Taken one round and 22 picks after Prokop was Ryder Korczak (2002).
Korczak stayed with the Hitmen for a pair of pre-season games last year and appeared in three regular season outings. Needless to say, he was thrilled to join the same league as his older brother, Kaedan.
“It’s an unbelievable feeling to be named to a WHL team, and even more so having it be the Calgary Hitmen,” said Ryder, who uses a Bobby Orr-esque tape job. “Camp was tough, we had a lot of good players here, but I thought I saw the ice well and made some good plays.”
Three more players were taken by the Hitmen in that 2017 draft before they landed on another Edmonton product, in Riley Fiddler-Schultz (2002) with the 148thpick in the seventh round.
Thick for his age and height (5-foot-10, 178 pounds) Fiddler-Schultz tied for the rookie lead with three points in six pre-season games.
“Both (Fiddler-Schultz and Korczak) are very responsible away from the puck. They both compete, are very mindful of the game without the puck and kept accumulating positive thoughts in our minds as camp went on to the point that we couldn’t overlook their performances anymore,” said Hamilton.
Red Deer native Ty Carriere (2001) didn’t get the chance to crack the Hitmen as a 16-year-old, as he had his appendix removed the day camp opened last year.
“The timing really sucked. I missed the Hitmen camp and my whole pre-season for my midget triple-A team. I wasn’t even sure if I was going to get an invite back,” said the undrafted Carriere. “Lucky enough, I had a good season and I was able to find some chemistry with older guys like Coleman and (Mark) Kastelic.”
Carriere didn’t even get the chance to debut with the Hitmen last year, but two other 17-year-olds used their previous experience to break camp with the Hitmen this year.
Devan Klassen (2001) filled in similarly as Prokop did last year on the back end, but in a lot shorter stint. He will start the season with the Hitmen.
Bryce Bader (2001) was one of the last reassignments last year, but made the Hitmen this year despite suffering a high ankle sprain during the pre-season. He will remain with the club while he comes back from his six-to-eight week injury.
“We were specifically looking for talent in that 2001 age group that would be the best fit for our team and guys that can slide up and down the roster. They do subtle things on the ice that as a coach you appreciate and their teammates appreciate too, but it might go without all the fan fare compared to other guys,” said Hamilton.
The rest of the Hitmen roster is chalked full of players that have received plenty of fan fare over the years.
With Zamula back in the fold, the Hitmen will open the season with all four players back from NHL training camps.
Vladislav Yeryomenko (2001), Riley Stotts (2000) and Carson Focht (2000) were all away at separate camps.
The Dallas Stars drafted Yeryomenko, while Stotts was taken by the Toronto Maple Leafs this past June.
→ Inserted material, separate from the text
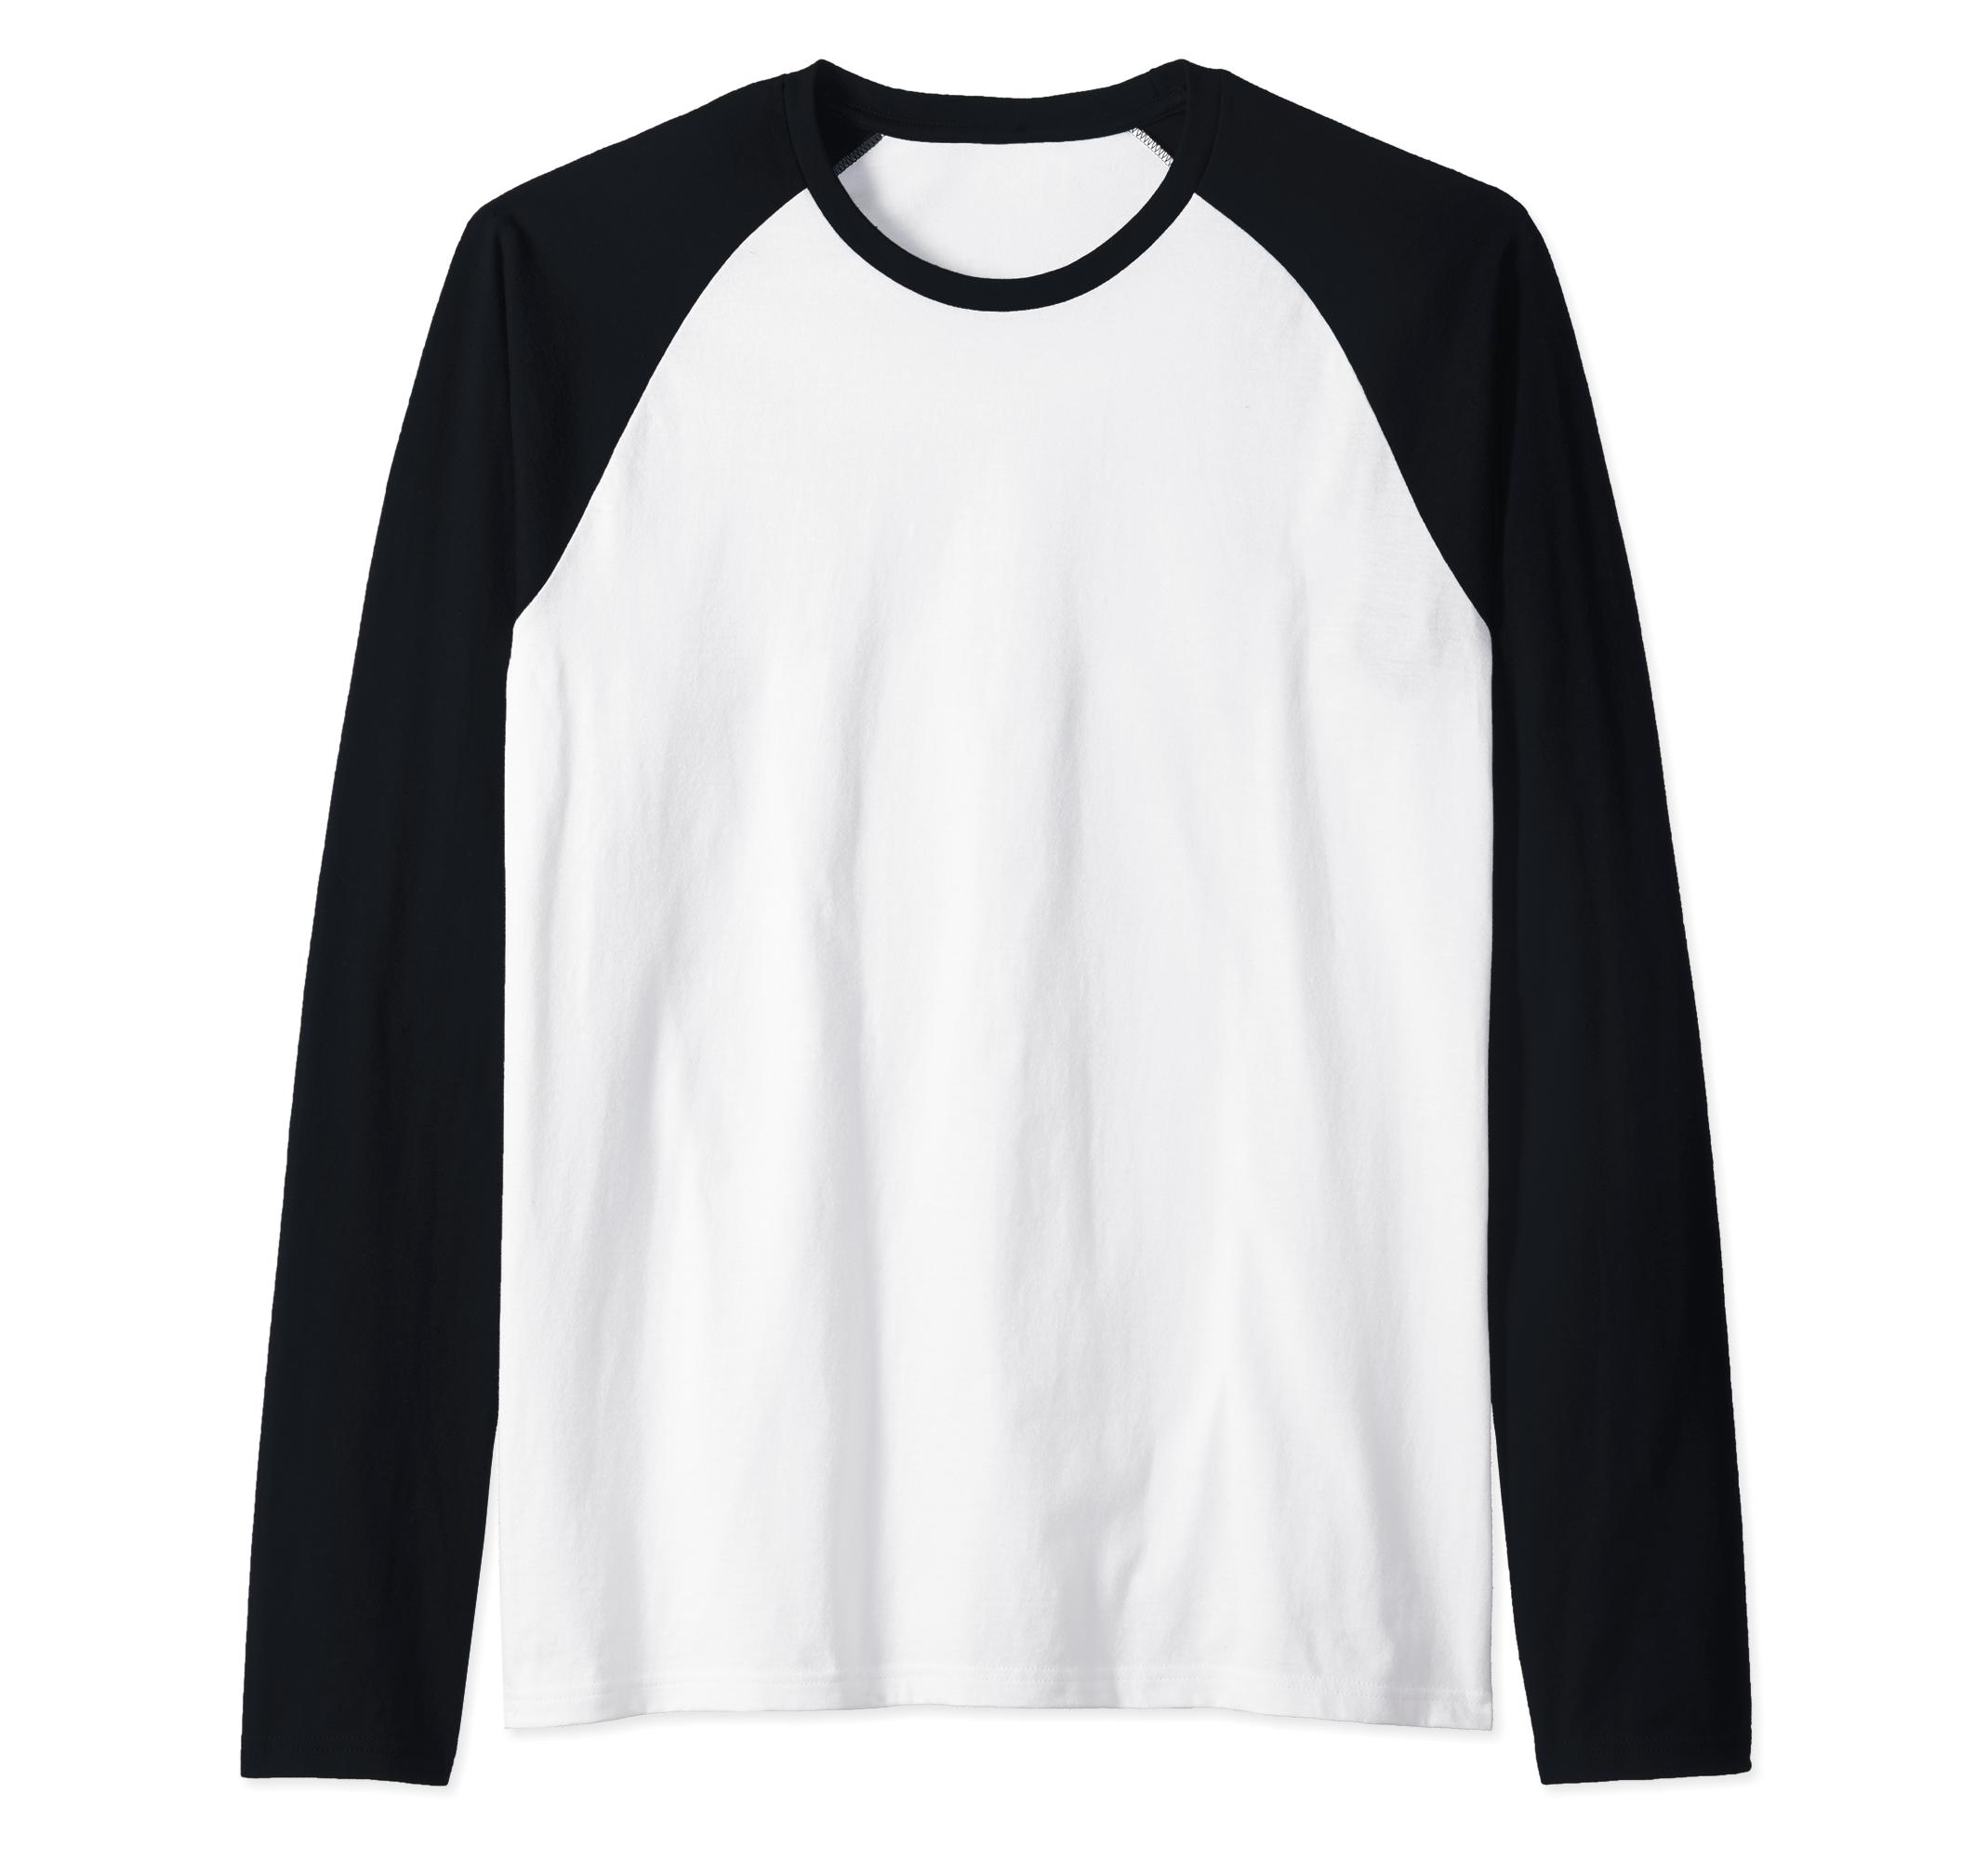 Gangsta T-Shirt Gift Present Funny Rapper Gangster Music

Both returned to the Hitmen earlier in the week.
“Camp was great, I learned lots as a player and soaked it all in. I was surrounded by people with great knowledge,” said Stotts, who didn’t suit up in a game with the Maple Leafs. “Skating on the same line with guys like Patrick Marleau and Auston Matthews is a pretty eye-opening experience. You got to see their habits and learn from them. It was a pretty fun experience.”
Other players that could hear their named called this year in their first season of draft eligible play could by 6-foot-6 defensive defenceman Jackson van de Leest (2001) and Cael Zimmerman (2001), who surged late last season after centering a line with Tristen Nielsen (2000) and Focht.
Nielsen saw his name on draft boards last season, but fell through the cracks of the draft and didn’t even receive an invite to camp.
Despite seeing his season shrunk by injuries last year, the former Hitmen first rounder obliterated his career high in goals with 19 in 49 games.
Now motivated to prove himself for NHL scouts, Nielsen has the talent to pop in 30-plus goals — if he stays healthy.
Kastelic (1999) was just named the Hitmen’s 26thcaptain in franchise history and has all the qualities of a hard worker that leads by example, and could be the right man to bring this team back to the post season.
Now, all they need to do is drop the puck and see how all these pieces fit together.